Troubled Postal Service Continues to Hemorrhage Money According to Latest Quarterly Report
August 11, 2015
In a case of unsurprising déjà vu, the United States Postal Service (USPS) posted another quarterly loss. According to the 2015 third quarter financial report, USPS was $586 million in the red for the 3-month period ending on June 30. This loss adds to the $2.2 billion deficit in the first half of 2015, likely assuring that USPS will end the year with its ninth consecutive annual billion-dollar loss. Even though shipping and package revenue continued to edge upwards, operating expenses exceeded the growth in operating revenue.
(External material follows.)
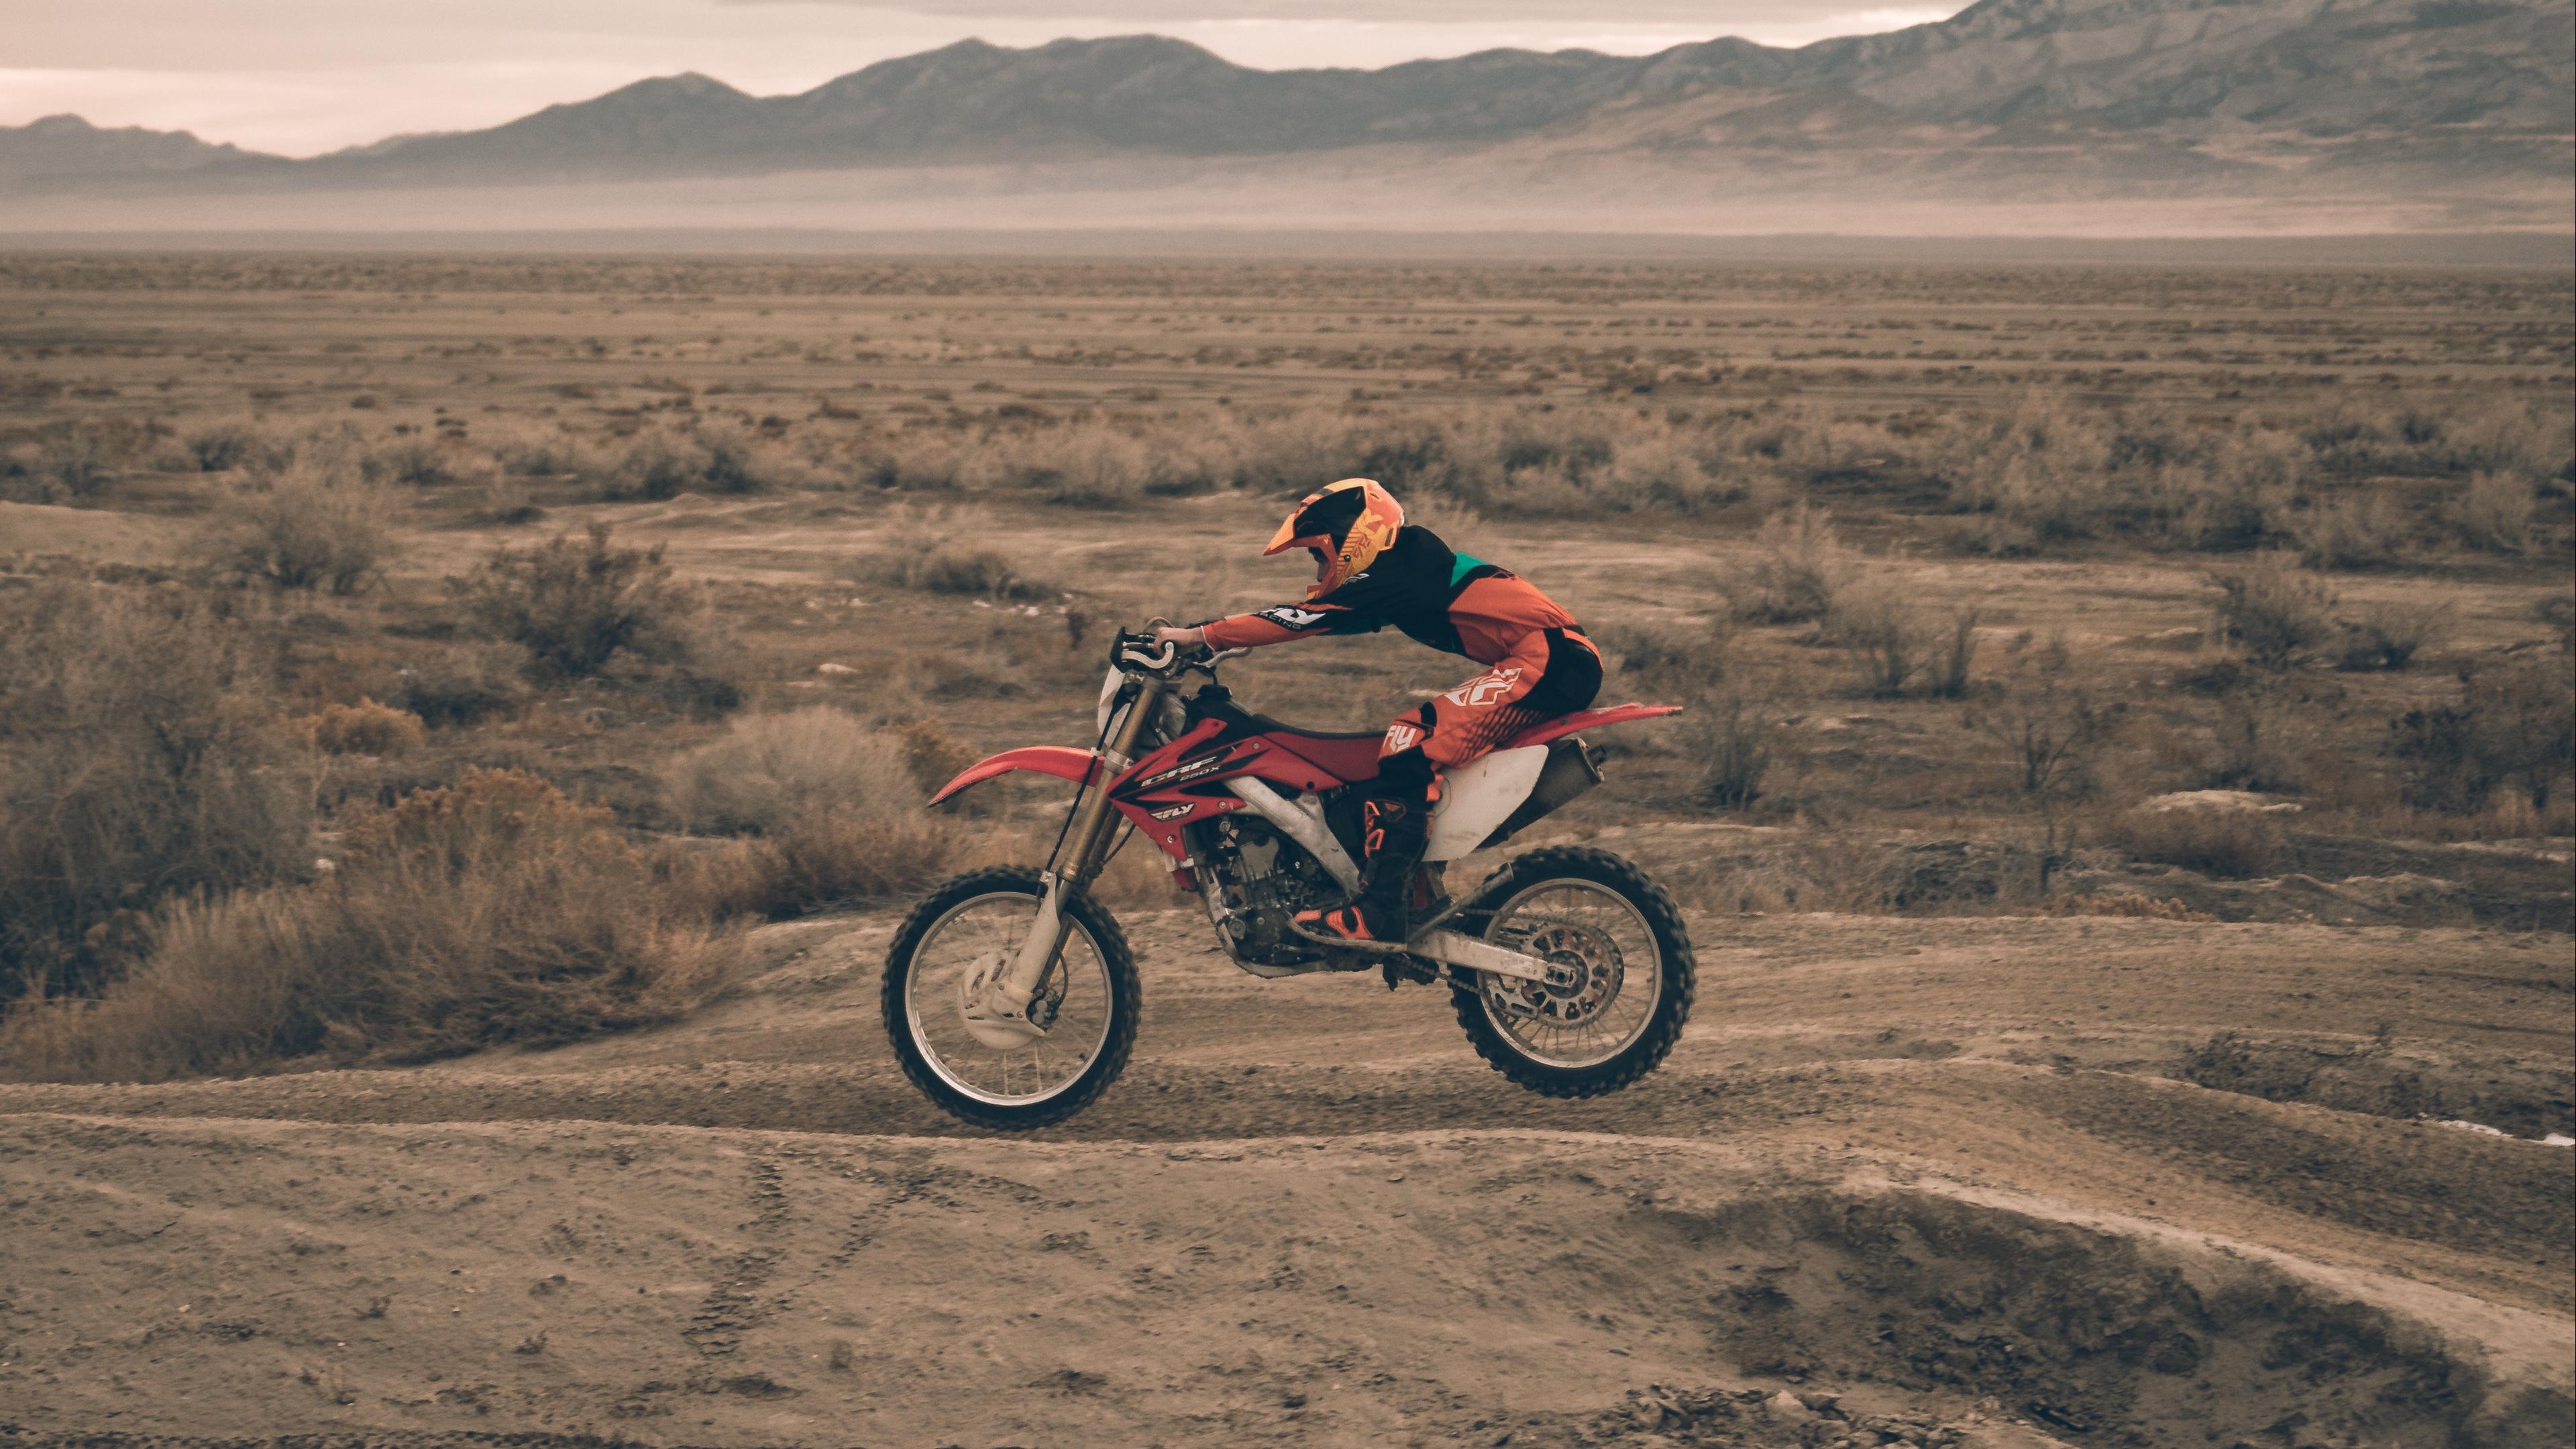 motorcyclist motorcycling sand 4k 1538943853 - motorcyclist, motorcycling, sand 4k - Sand, motorcyclist, motorcycling

These dismal results come at a time when the USPS has been under scrutiny by members of Congress. Notably, several senators have questioned Postmaster General Megan Brennan on the agency’s failure to meet various performance standards in delivering mail to rural areas of the country.
These service metrics, which have steadily declined each of the last 3 years, are only further hampering the USPS’s ability to fulfill its mission of delivering letter mail efficiently to all parts of the country at a reasonable price. Core responsibilities like delivering letters within a three to five day window for over a third of all items has not been met. And, local overnight delivery has been eliminated entirely.
Similarly, other members of Congress have identified the international agreements through the Universal Postal Union (UPU) as another area for the USPS to improve. The agreements have cost the agency hundreds of millions of dollars each year, and have effectively subsidized foreign shippers that send mail and other items within the United States. Through this practice the USPS constrains its own operations and puts American businesses at a disadvantage.
Beyond these costs, the agency is also adding to its burden by further exploring new business ventures such as grocery delivery, a new program called Metro Post, and potentially banking. These services have been added without an accurate analysis of how these ventures will impact the USPS’s bottom line.
An additional financial burden on the USPS is the request to purchase hundreds of millions of dollars worth of new trucks. The new trucks, devised mainly for package deliveries, are just the latest move by the USPS in distracting the agency from its primary responsibilities while ignoring the clear realities of its financial despair.
To keep taxpayers from potentially shouldering the burden of bailing out the USPS, elected officials and those overseeing the agency must continue to narrow its focus fulfilling basic service of delivering the mail and repairing its finances in the process.